The French group, which makes Maybelline mascara and Kiehl’s skincare, posted like-for-like sales up 3.5%, though they were inflated 2 percentage points by advance shipments to China ahead of a change in IT systems.
Growth of 1.5% still beat a Visible Alpha consensus of 1.1% cited by analysts at Jefferies.
“This is a decent update in the context of anxieties,” the analysts said in a note, pointing to concerns after luxury group LVMH reported slower growth at its beauty retailer Sephora in the quarter.
L’Oreal’s U.S.-listed shares gained 6% in New York trading, while shares in U.S. rival Estee Lauder were up 3.4%.
L’Oreal has outperformed the global cosmetics market in recent years with products that span mass-market makeup to high-end perfume and doctor-recommended lotions.
But after weathering a protracted slowdown in number two beauty market China in recent years, it is facing weakening consumption in the largest U.S. market too, one it had targetted for growth this year.

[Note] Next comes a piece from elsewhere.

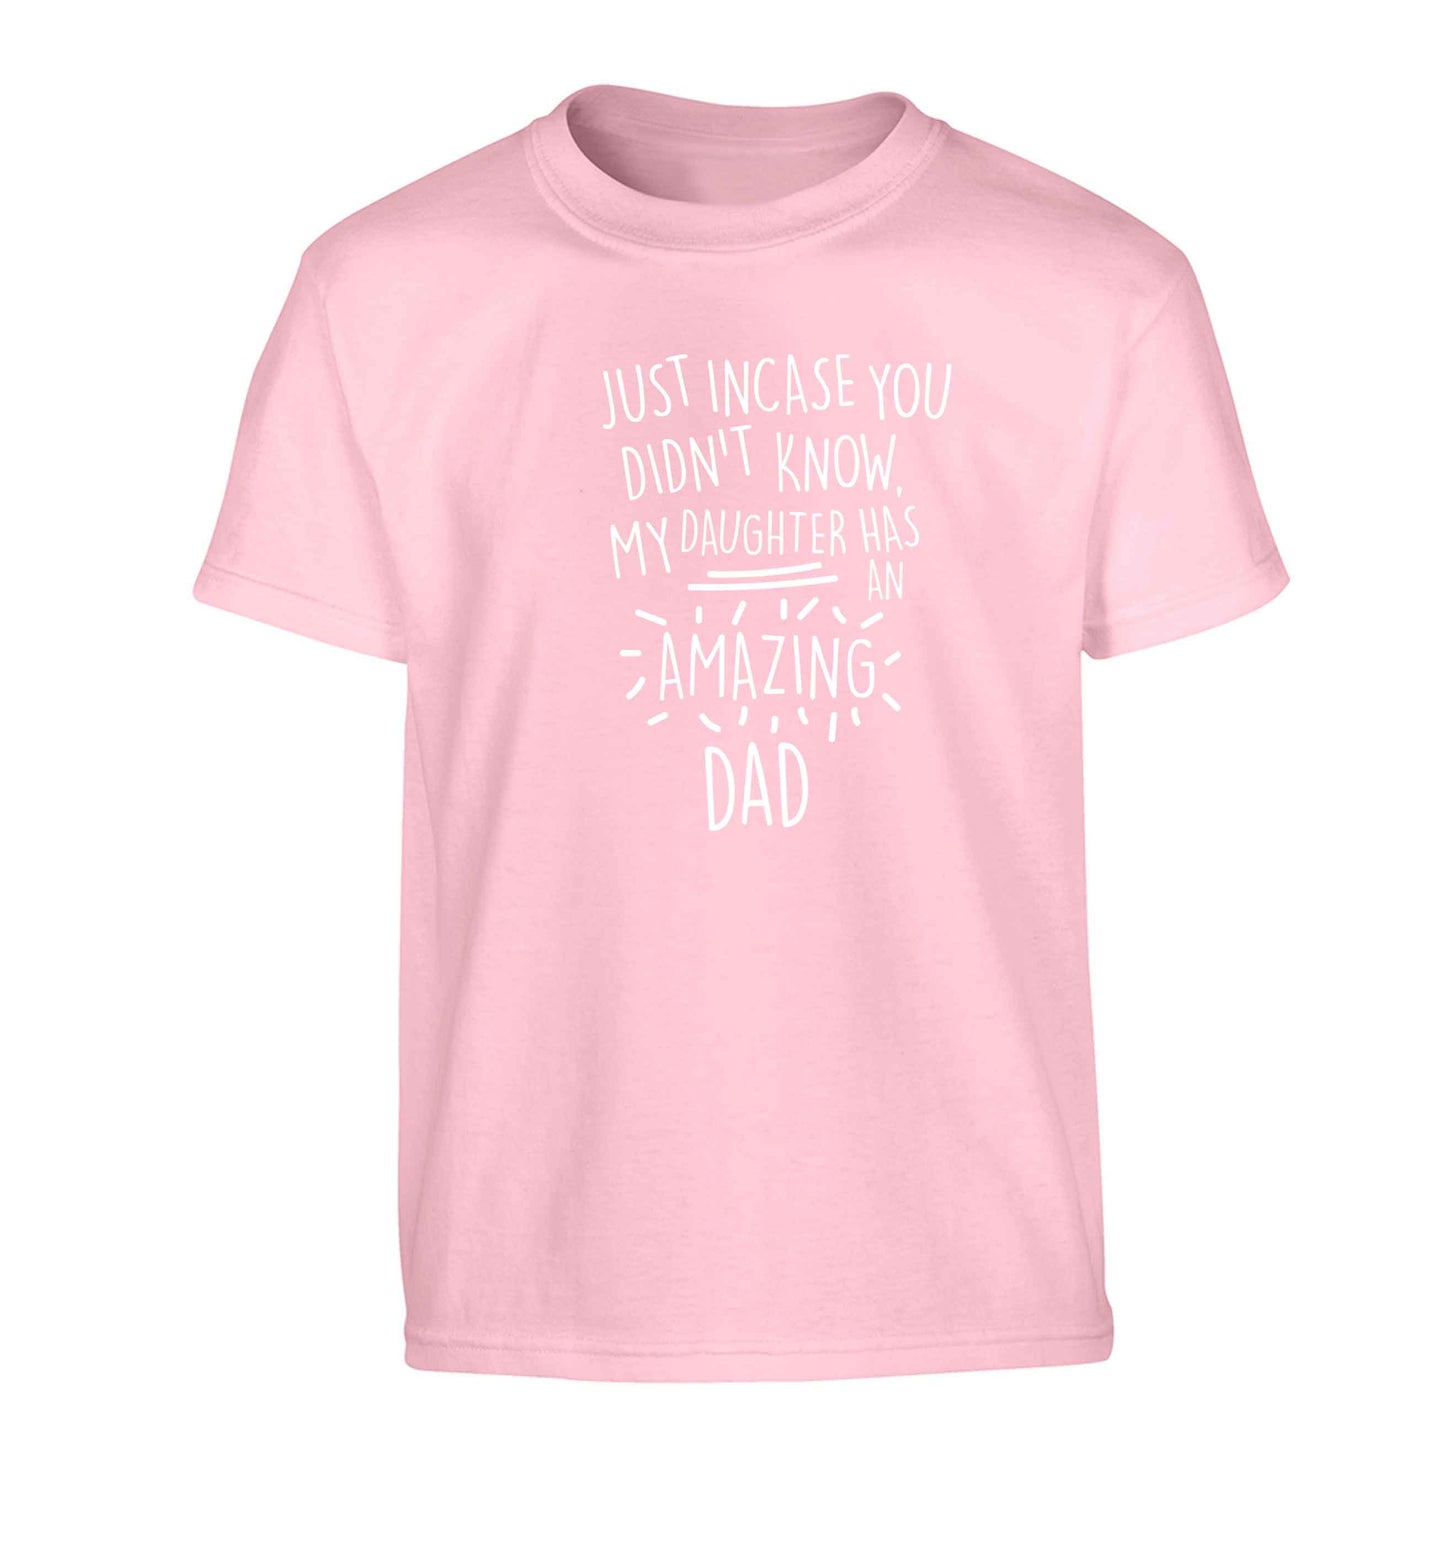 Just incase you didn't know my daughter has an amazing dad Children's light pink Tshirt 12-13 Years

“The market did not exactly start as we were hoping,” CEO Nicolas Hieronimus told analysts on a call, though added it was too early to adjust his forecast of 4 to 4.5% global market growth.
L’Oreal’s North America sales fell 3.8% in the quarter, compared with growth of 1.4% in the prior three months, dragged down by sluggish makeup demand.
With growing unease over escalating trade tensions, U.S. consumer sentiment deteriorated sharply in April, which typically hurts spending in any category, said Hieronimus.
L’Oreal, which imports 30% of its product in the U.S. from Europe and elsewhere, will also need to raise prices to mitigate the impact of President Donald Trump’s tariffs, though the company has built up some stocks, delaying any impact until the second half, said the CEO.
He also flagged “slightly better than expected” performance in China, which was “flattish” compared with negative at the end of last year.
All other regions grew, with Europe, accounting for a third of revenues, the largest contributor to sales that reached 11.7 billion euros ($13.30 billion) for the three months to the end of March.